评估ML4SE模型的项目一级价格调整 (Assessing Project-Level Fine-Tuning of ML4SE Models) - 专知论文

会员服务 ·

0

Projection · MoDELS · Learning · 代码 · INFORMS ·

2022 年 6 月 7 日

Assessing Project-Level Fine-Tuning of ML4SE Models

翻译：评估ML4SE模型的项目一级价格调整

Egor Bogomolov,Sergey Zhuravlev,Egor Spirin,Timofey Bryksin

from arxiv, 12 pages, 3 figures

Machine Learning for Software Engineering (ML4SE) is an actively growing research area that focuses on methods that help programmers in their work. In order to apply the developed methods in practice, they need to achieve reasonable quality in order to help rather than distract developers. While the development of new approaches to code representation and data collection improves the overall quality of the models, it does not take into account the information that we can get from the project at hand. In this work, we investigate how the model's quality can be improved if we target a specific project. We develop a framework to assess quality improvements that models can get after fine-tuning for the method name prediction task on a particular project. We evaluate three models of different complexity and compare their quality in three settings: trained on a large dataset of Java projects, further fine-tuned on the data from a particular project, and trained from scratch on this data. We show that per-project fine-tuning can greatly improve the models' quality as they capture the project's domain and naming conventions.

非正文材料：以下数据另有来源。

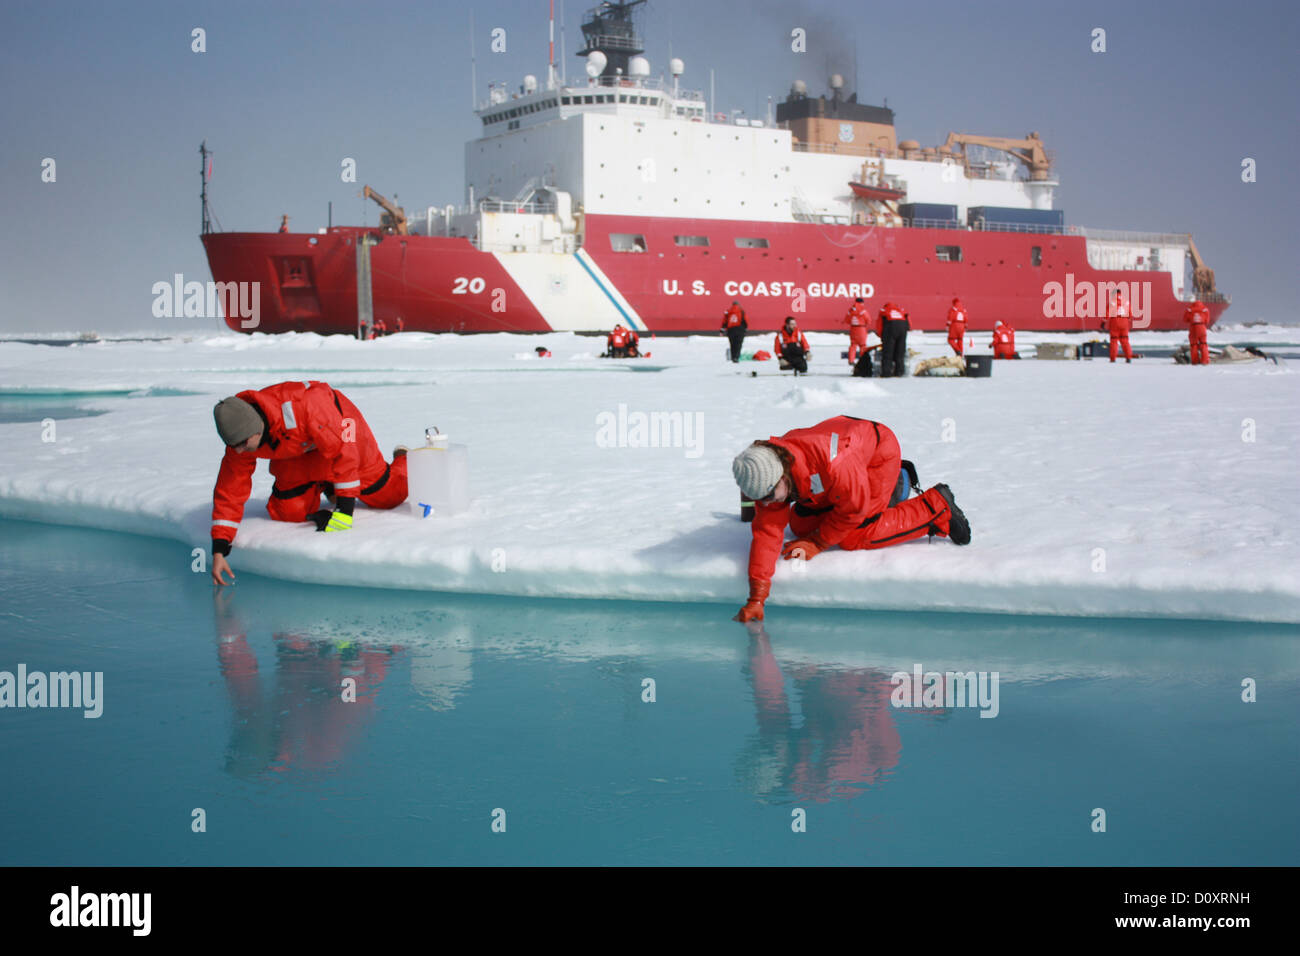 Garde-côte Healy stationné dans la banquise au cours de la recherche sur l'évolution des conditions dans l'Arctique le 6 juillet 2011 dans la mer de Chukchi. Banque D'Images

We open-source the tool we used for data collection, as well as the code to run the experiments: https://zenodo.org/record/6040745.

翻译：软件工程机器学习(ML4SE)是一个正在积极增长的研究领域,重点是帮助程序设计员开展工作的方法。为了在实践中应用开发的方法,他们需要达到合理的质量,以便帮助而不是分散开发者。虽然制定新的代码代表和数据收集方法可以提高模型的总体质量,但是它没有考虑到我们从手头项目中获得的信息。在这项工作中,我们调查如果我们针对一个特定项目,模型的质量如何可以提高。我们开发了一个框架,以评估模型在对某一特定项目的方法名称预测任务进行微调后能够取得的质量改进。我们评估了三种不同复杂程度的模型,并在三个环境中比较了它们的质量:对爪哇项目大型数据集进行了培训,对特定项目的数据进行了进一步微调,并从零头对数据进行了培训。我们表明,每个项目的微调可以极大地提高模型的质量,因为它们能够捕捉到项目的域和命名公约。我们打开了用于数据收集的工具,以及进行实验的代码是:https://zenodo.org/record7440/605.。

0

相关内容

Projection

不可错过！《机器学习100讲》课程，UBC Mark Schmidt讲授

不可错过！《机器学习100讲》课程，UBC Mark Schmidt讲授

专知会员服务

75+阅读 · 2022年6月28日

【深度学习架构、模型和技巧集合(TensorFlow/PyTorch)】’Deep Learning Models - A collection of various deep learning architectures, models, and tips'

【深度学习架构、模型和技巧集合(TensorFlow/PyTorch)】’Deep Learning Models - A collection of various deep learning architectures, models, and tips'

专知会员服务

58+阅读 · 2020年1月25日

【课程】Andrew Ng与Google Brain团队联合出品《TensorFlow in Practice 》

【课程】Andrew Ng与Google Brain团队联合出品《TensorFlow in Practice 》

专知会员服务

13+阅读 · 2019年10月29日

Auto-Sizing the Transformer Network: Improving Speed, Efficiency, and Performance for Low-Resource Machine Translation

Auto-Sizing the Transformer Network: Improving Speed, Efficiency, and Performance for Low-Resource Machine Translation

专知会员服务

49+阅读 · 2019年10月17日

Deep Learning Based Detection and Correction of Cardiac MR Motion Artefacts During Reconstruction for High-Quality Segmentation

Deep Learning Based Detection and Correction of Cardiac MR Motion Artefacts During Reconstruction for High-Quality Segmentation

专知会员服务

59+阅读 · 2019年10月17日

[综述]深度学习下的场景文本检测与识别

[综述]深度学习下的场景文本检测与识别

专知会员服务

78+阅读 · 2019年10月10日

机器学习入门的经验与建议

机器学习入门的经验与建议

专知会员服务

94+阅读 · 2019年10月10日

【CMU卡内基梅隆大学】深度学习在计算机视觉的应用：方法，解释，因果与公平性

【CMU卡内基梅隆大学】深度学习在计算机视觉的应用：方法，解释，因果与公平性

专知会员服务

83+阅读 · 2019年10月9日

【哈佛大学商学院课程Fall 2019】机器学习可解释性

【哈佛大学商学院课程Fall 2019】机器学习可解释性

专知会员服务

105+阅读 · 2019年10月9日

【SIGGRAPH2019】TensorFlow 2.0深度学习计算机图形学应用

【SIGGRAPH2019】TensorFlow 2.0深度学习计算机图形学应用

专知会员服务

41+阅读 · 2019年10月9日

征稿 | CFP：Special Issue of NLP and KG(JCR Q2，IF2.67)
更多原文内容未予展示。